- Iqbal Town Location in Lahore Iqbal Town Iqbal Town (Pakistan)
- Coordinates: 31°30′40″N 74°17′2″E﻿ / ﻿31.51111°N 74.28389°E
- Country: Pakistan
- Province: Punjab
- City: Lahore
- Founded by: Mohsin Kamal Khan

Government
- Time zone: UTC+5 (PST)
- Lahore GPO (54000): 54570
- Area code: 042

= Allama Iqbal Town =

Residential neighbourhood locality in Lahore, Pakistan

Allama Iqbal Town, commonly known as Iqbal Town, is a commercial and residential locality in Iqbal Zone of south-western Lahore, in Pakistan's Punjab province.

== History ==
It is named after Allama Muhammad Iqbal, the national poet of Pakistan. Development was started in the late 1970s and early 1980s. It was developed by Hassan Zaman Pvt Limited. It was previously famed for its name in Urdu, 'Sola Sau Acre سولہ سو ایکڑ' (meaning 1600 acres, a reference to the area it covers). Its boundaries are marked by Multan Road to the west and north, and by Wahdat Road to the south.

Iqbal Town has been home to famous actors and actresses of Pakistani film industry, Lollywood. Since the Shahnoor Studios and Bari studios are situated very close to the area, many film actors and actresses used to live here in the past. However, most of them have now moved to the posh suburban areas of the city.

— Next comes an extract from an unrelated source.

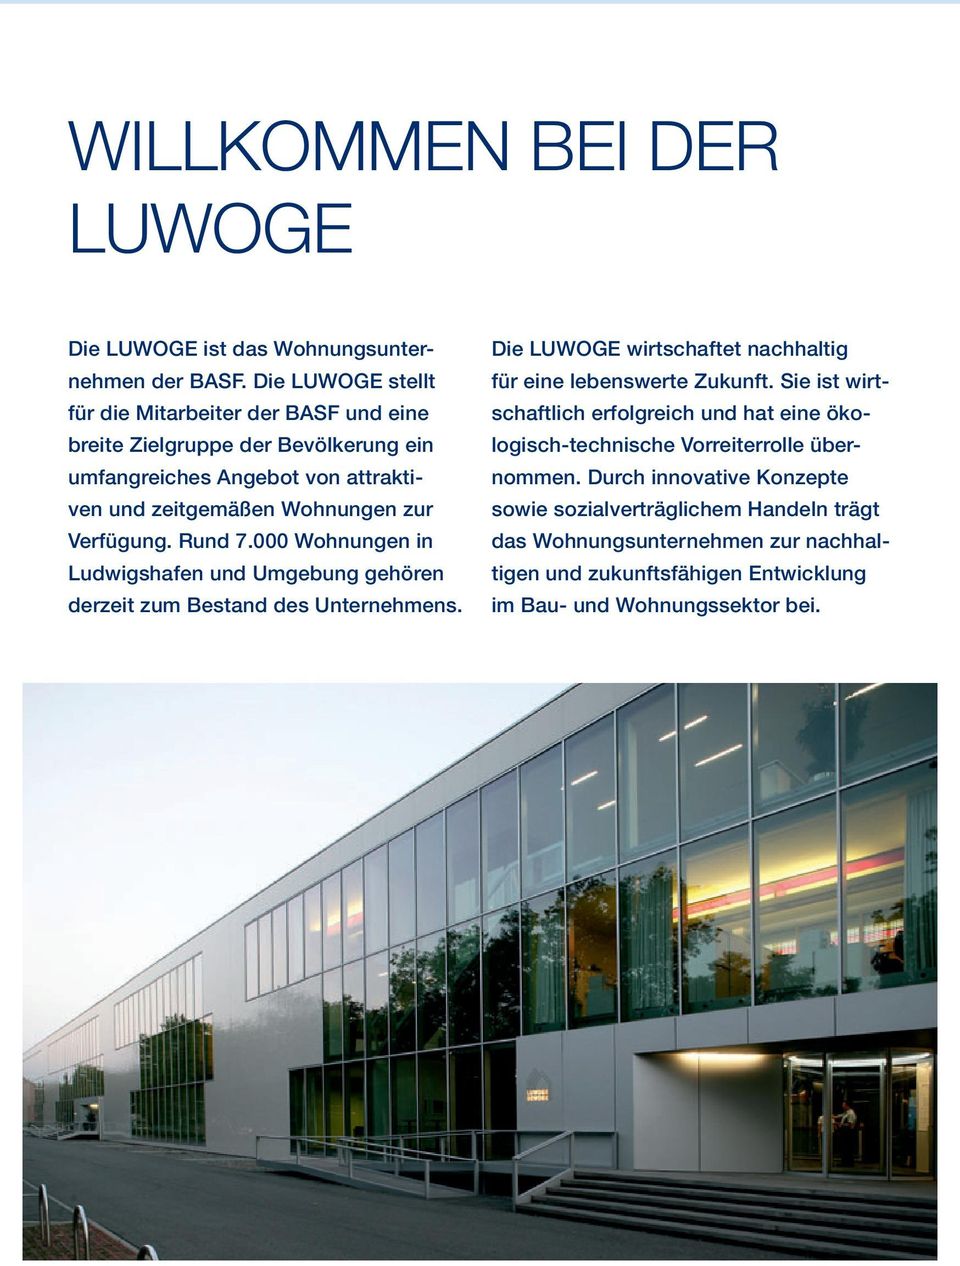 Verfügung. Rund 7.000 Wohnungen in Ludwigshafen und Umgebung gehören derzeit zum Bestand des Unternehmens.

Iqbal town's main boulevard is one of the busiest roads of Lahore. It also has a parking plaza at Moon Market. College block, Pak block, Asif Block, Kashmir block, Huma block and Jahanzeb block are situated on the main boulevard which starts from Multan Road (the intersection famously known as 'Scheme Moar'. Moar means corner in the Urdu language) and leads towards Wahdat Road and onwards to the Punjab University's New Campus.

Neighboring localities include Wahdat Colony, Ichhra, Samanabad, Garden Town, Mustafa Town, Sabzazar and Said Pur.
Major commercial markets are Karim Block Market (adjacent to Umer Block and Karim Block) - famous for the garments shops located there) and Moon Market (Dubai Chowk).

The oldest open university in Pakistan Allama Iqbal Open University's Lahore campus is located in Raza Block of Allama Iqbal Town. It also houses the Karim Block Market nearby.

Allama Iqbal Town consists of a total of 22 residential divisions called 'blocks' listed alphabetically:
Asif, Badr, Chenab, College, Gulshan, Huma,Hunza Jahanzeb, Khyber, Kamran, Karim, Kashmir, Mehran, Muslim, Nargis, Neelam, Nishtar, Nizam, Pak, Rachna, Raza, Ravi, Sikander, Sutlej, Umar and Zeenat.

== Gulshan-e-Iqbal Park ==

This park has been a source of entertainment and enjoyment in the area for almost three decades now. It was opened to general public in April, 1982. The park is known for its vast lush green gardens, enjoyments rides, different food stalls, boating area for paddle and motorboats, an artificial waterfall and an artificial hill for one's climbing and hiking experience. Families spend their holiday time enjoying rides, food and sunlight on winter afternoons. They come in crowds to enjoy the rides, greenery and the shade on summer nights.

== Karim Block Market ==
The Karim Block Market is one of Lahore's busiest market areas and is situated along the Wahdat Road. The market comprises hundreds of retail and wholesale garment outlets, pharmacies, grocery stores, eateries and restaurants. There are also some petrol pumps, a Gourmet Bakery and branches of the Punjab Bank, MCB and Allied Bank, Meezan Bank, Bank of Khyber, Bank Alfalah, Faysal Bank as well as internationally renowned IT Enabled businesses including GreenwichBell within the premises of the Karim Block commercial zone.
Karim Block Market houses many factory outlets including Levis, Outfitters, Minnie and Minors, Shirt and Tie, Royal Tag to name a few. Many shops offer clothing for kids men and women wear at discounted rates round the year. This market caters the need of brand conscious people and low income, salaried people alike.